The current king of the landscape, a Potain MD 485 tower crane, was provided and erected by Central Contractors Service, Inc., a member of the ALL Family of Companies. Standing tall above all others in Chicago, it rises to approximately 1,000 feet—nearly a fifth of a mile.
It is helping to build one of the most highly anticipated high-rise residences in the city, the NEMA Chicago apartment tower. The 76-story skyscraper, with panoramic views of downtown and Lake Michigan, will have 800 units when complete, as well as 12,000 square feet of retail and 600 parking spaces.
“Having the highest crane in the city, in such a visible location at the south end of Grant Park, is a fitting symbol of Central’s presence in the booming Chicago market,” said John Martello, general manager of Central Contractors Service. “Our tower crane technicians are seasoned veterans of the Chicago construction climate. They possess the knowledge and experience to deal with all challenges that the city can deliver. Whether it’s logistical challenges or brutal weather, the team always pulls through to get the job done.”
Central Contractors Service placed the Potain MD 485 in spring 2017, with the current 1,000 feet representing its final hook height. Scaling such heights did come with a challenge or two, particularly related to the wire rope hoist needed for the job. “We had to find one that could withstand the heavy work load that was expected, as well as perform well at the final height,” said Martello. “With some research and the experience that our team brought to the job, we used three separate wire ropes to accommodate the stature of this crane as it climbed to greater and greater heights.”
The job began with the standard 1,500-foot wire rope, then switched to 1,850-foot rope with 4-part reeving, and for the final phase is finishing with 2,850 feet of wire rope with 2-part reeving.

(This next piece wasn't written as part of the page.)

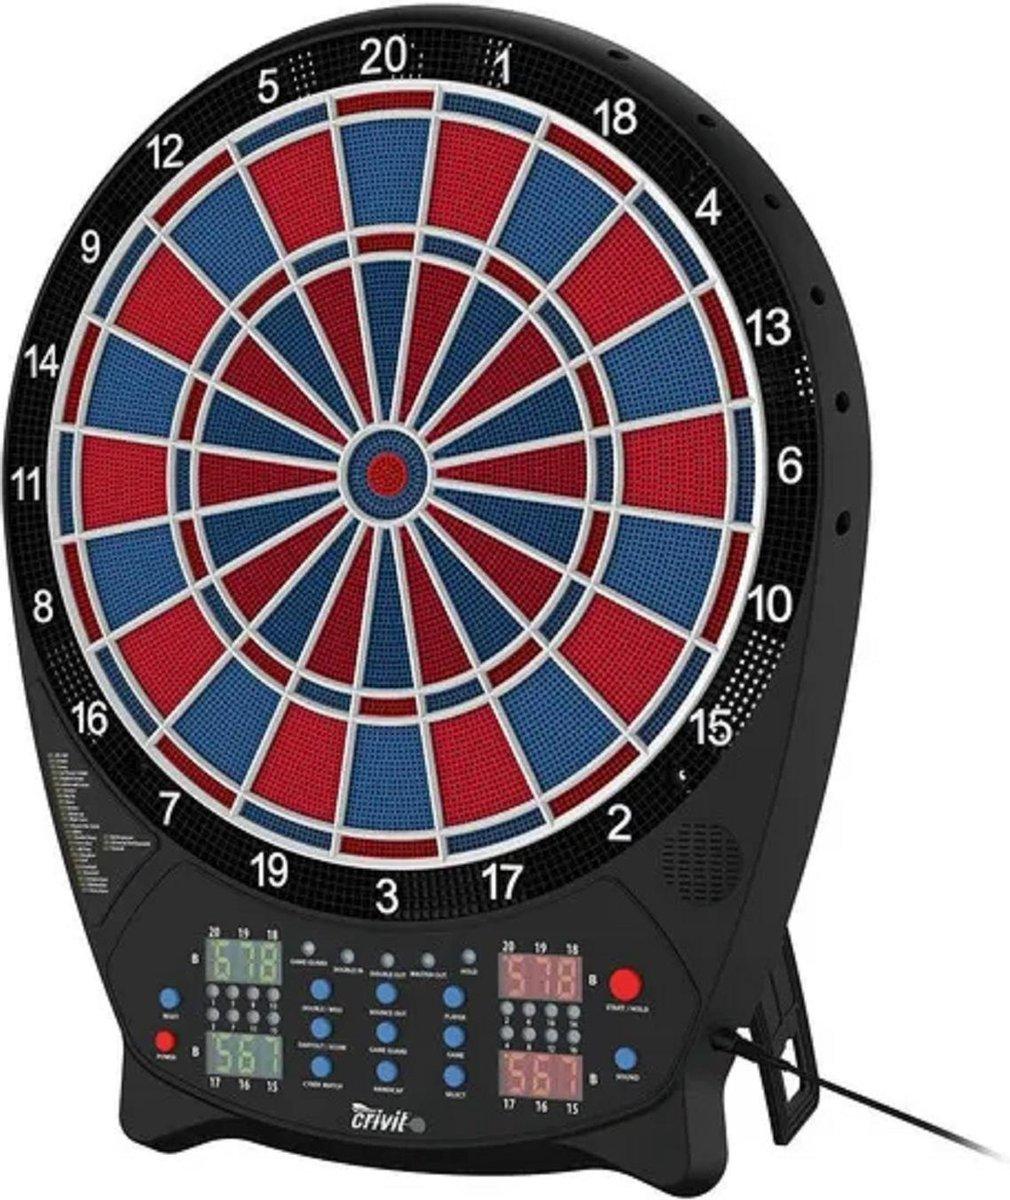 Elektrisch dartbord   dartbord - dartpijlen - dartmat - dartborden - elektronisch - darts accesoires - dart assecoires
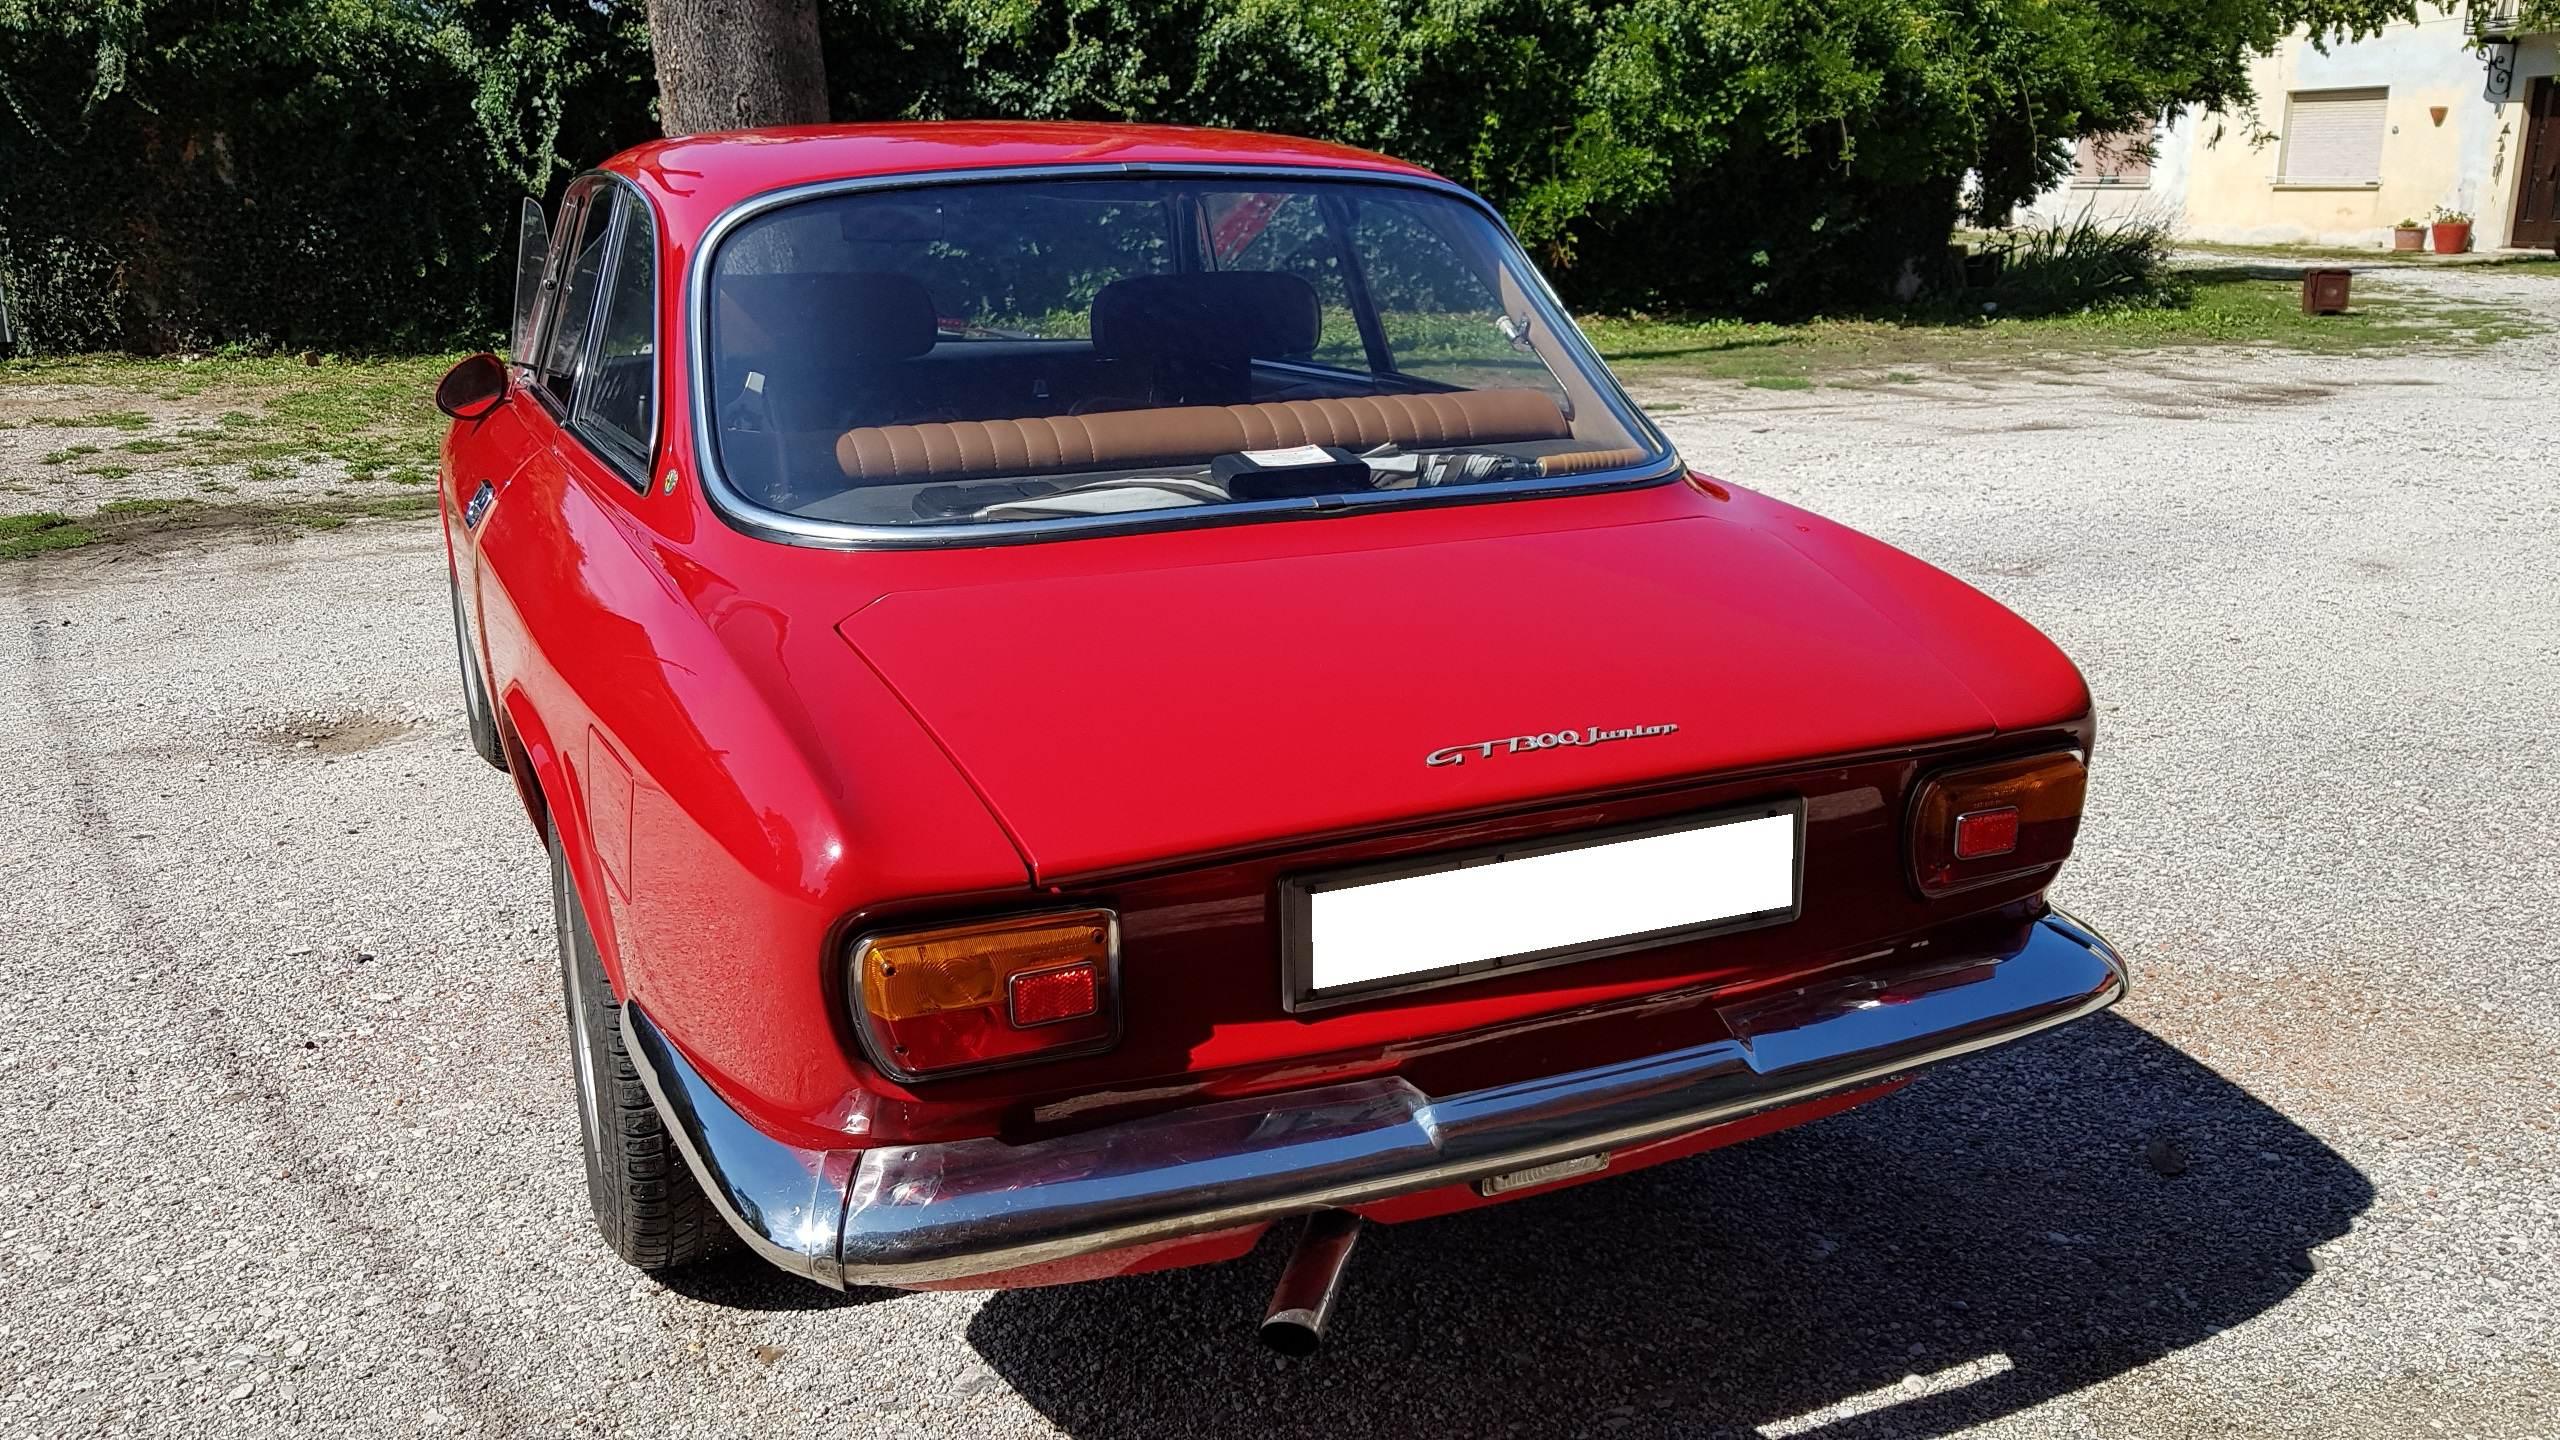 foto GT Junior 1300 scalino (1968) - 6

With quality wire rope and highly experienced operators, each phase has been performed with no issues. The crane itself has performed very little downtime over the life of the project, which Martello attributes to the service provided by his team.
James McHugh Construction, which has a two-decade relationship with Central Contractors Service, is the general contractor on the job. The NEMA apartment tower is expected to open to tenants next year. Like the tower crane that’s raising it, the finished building will be one of the tallest in the city.